ObjectId Conversion:

The provided id parameter is converted to a BSON ObjectId using new ObjectId(id). This is necessary for matching against MongoDB _id fields.

Updating _id Property:

The _id property of the data object is set to the converted inputId. This ensures that the provided id is consistently used as the document’s _id.

Optional Chaining:

Similar to previous examples, optional chaining (?.) is used to safely access nested properties (mongo, mongo.db, and mongo.db.collection(COLLECTION_NAME)) without causing errors if any of these properties are undefined.

MongoDB Update Operation:

The code uses the updateOne method to update a document in the MongoDB collection. The $set operator is employed to update specific fields with values from the data object.

Upsert Option:

The { upsert: true } option is set, allowing for the creation of a new document if no match is found based on the provided _id.

Return Statement:

The function returns the result of the update operation, which includes information about the number of matched documents, modified documents, etc.

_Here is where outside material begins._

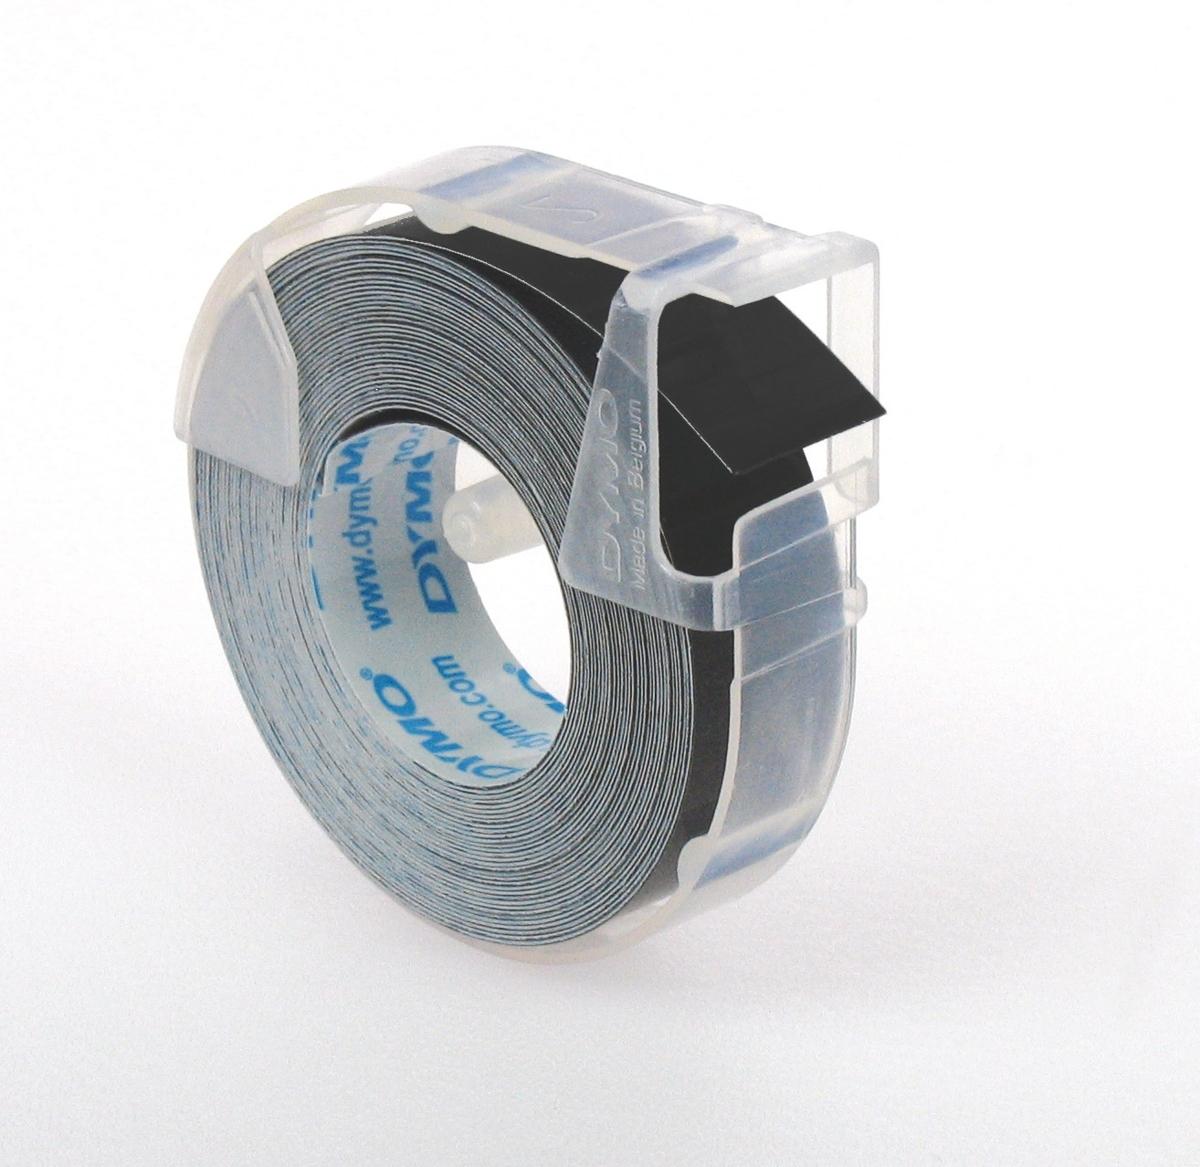 Páska DYMO 3D 9 mm 3 m blistr černá 3 kusy

Function is used for updating a document in a MongoDB collection based on its ID. It converts the ID, sets the _id property in the data, updates specific fields using the $set operator, and allows for upserting a new document if no match is found. The result of the update operation is then returned.

DeleteEmployee Function:

exports.deleteEmployee = async(id) => {
return await mongo?.db?.collection(COLLECTION_NAME).deleteOne({ _id: new ObjectId(id) });
}

Async Function:

The exports.deleteEmployee function is an asynchronous function, allowing for the use of await in order to handle asynchronous operations.

ObjectId Conversion:

The provided id parameter is converted to a BSON ObjectId using new ObjectId(id). This is necessary for matching against MongoDB _id fields.

Optional Chaining:

Similar to previous examples, optional chaining (?.) is used to safely access nested properties (mongo, mongo.db, and mongo.db.collection(COLLECTION_NAME)) without causing errors if any of these properties are undefined.

MongoDB Delete Operation:

The code uses the deleteOne method to delete a document from the MongoDB collection based on the provided ID.

Return Statement:

The function returns the result of the delete operation, which includes information about the number of deleted documents.

Function  is for deleting a document from a MongoDB collection based on its ID. It converts the ID, specifies the document to delete using the converted ID, performs the delete operation, and then returns the result of the delete operation.